(What to work on):
An exact copy of the data is required. No picture may appear in it.

(Exercise data):
┄┄┄┄┄┄

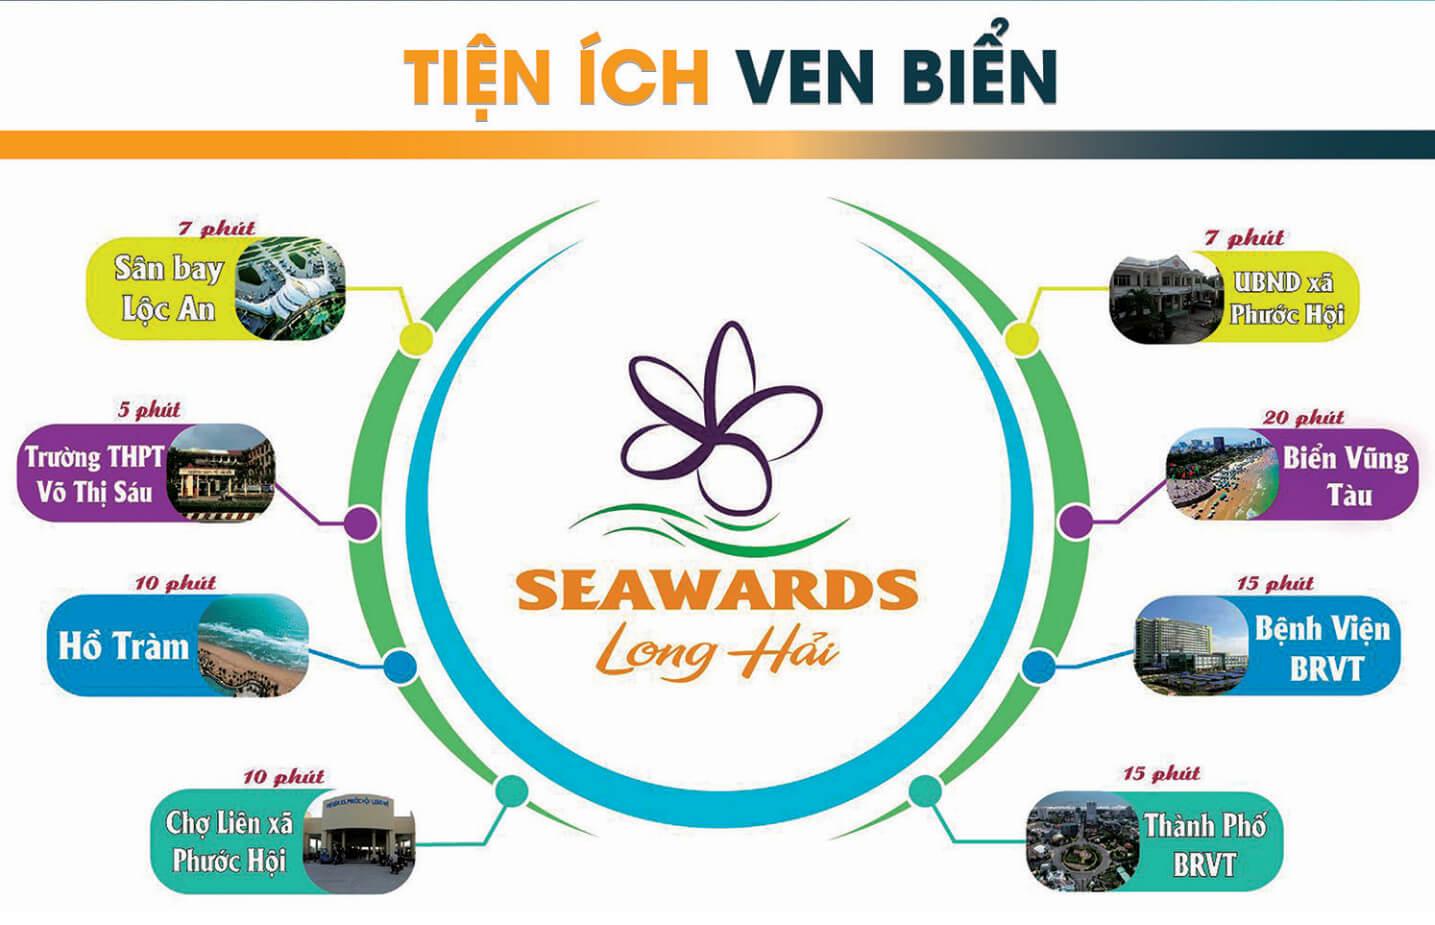 liên kết vùng dự án seawards long hải - đất đỏ
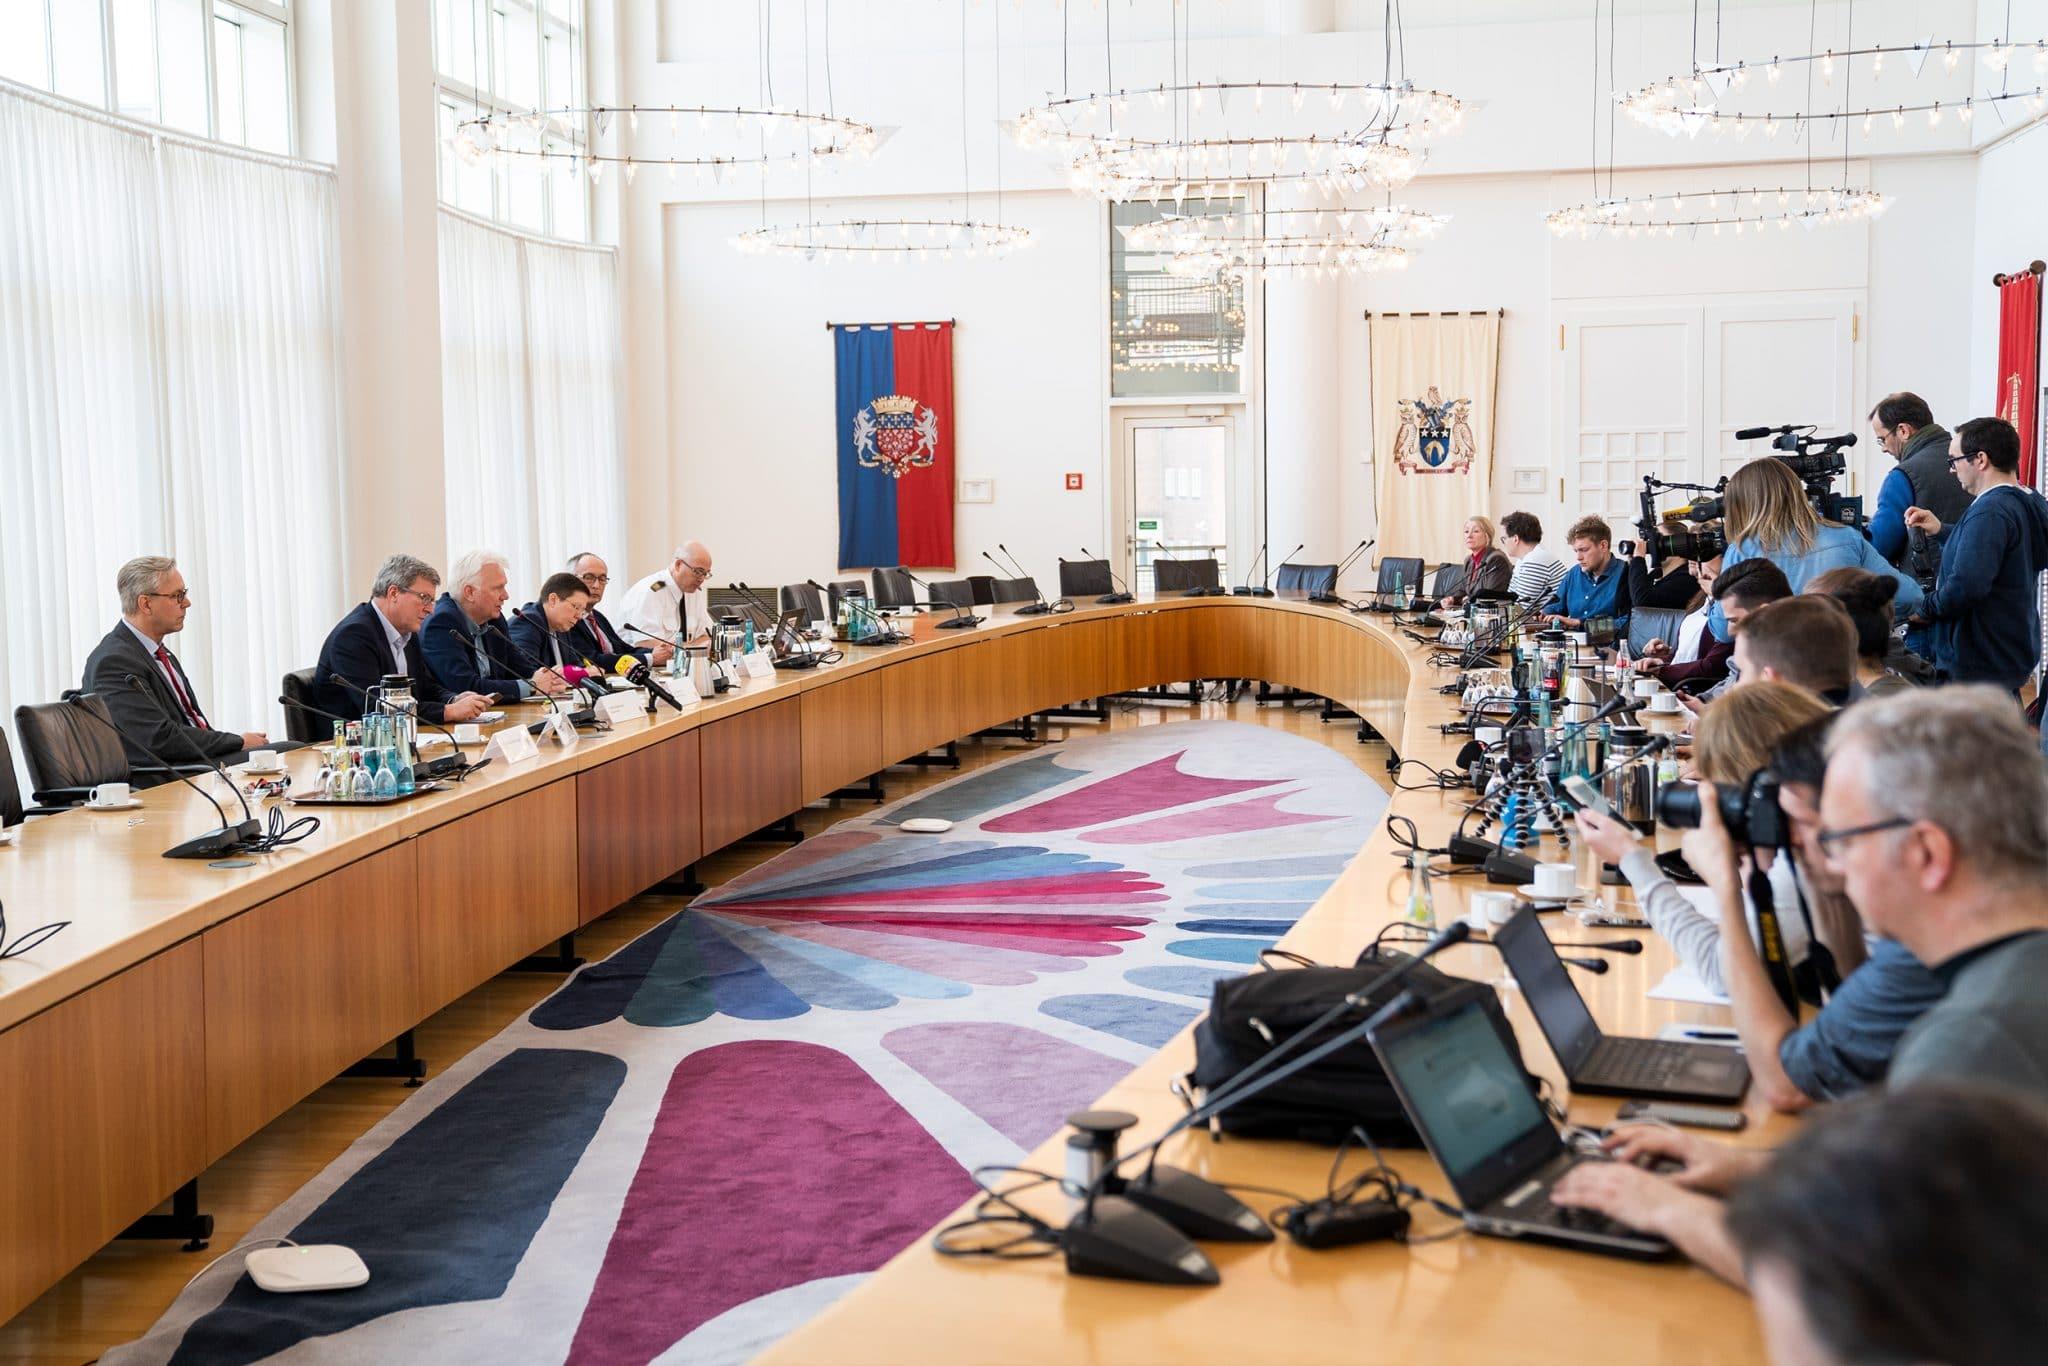 Pressekonferenz am vergangenen Freitag im Rathaus der Stadt Dortmund (Fotos: IN-Stadtmagazine)
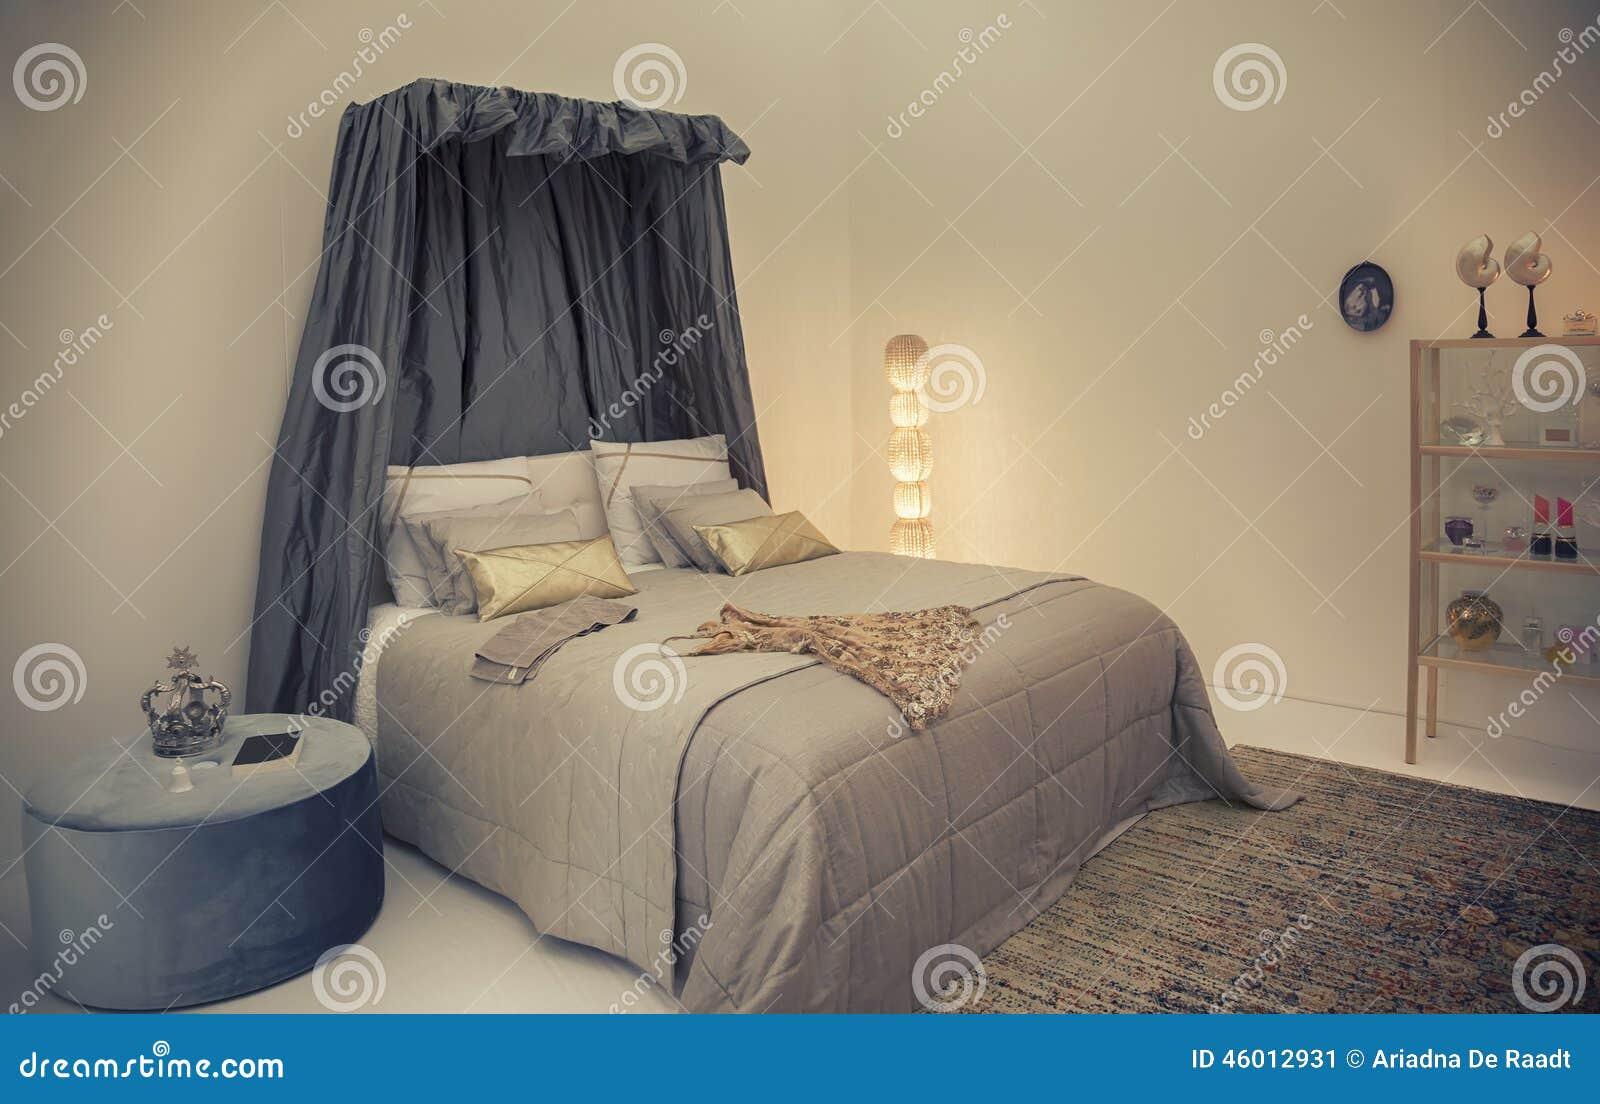 Säng i klassisk stil

┄┄┄┄┄┄

(Answer for this exercise):
 liên kết vùng dự án seawards long hải - đất đỏ
 Pressekonferenz am vergangenen Freitag im Rathaus der Stadt Dortmund (Fotos: IN-Stadtmagazine)
 Säng i klassisk stil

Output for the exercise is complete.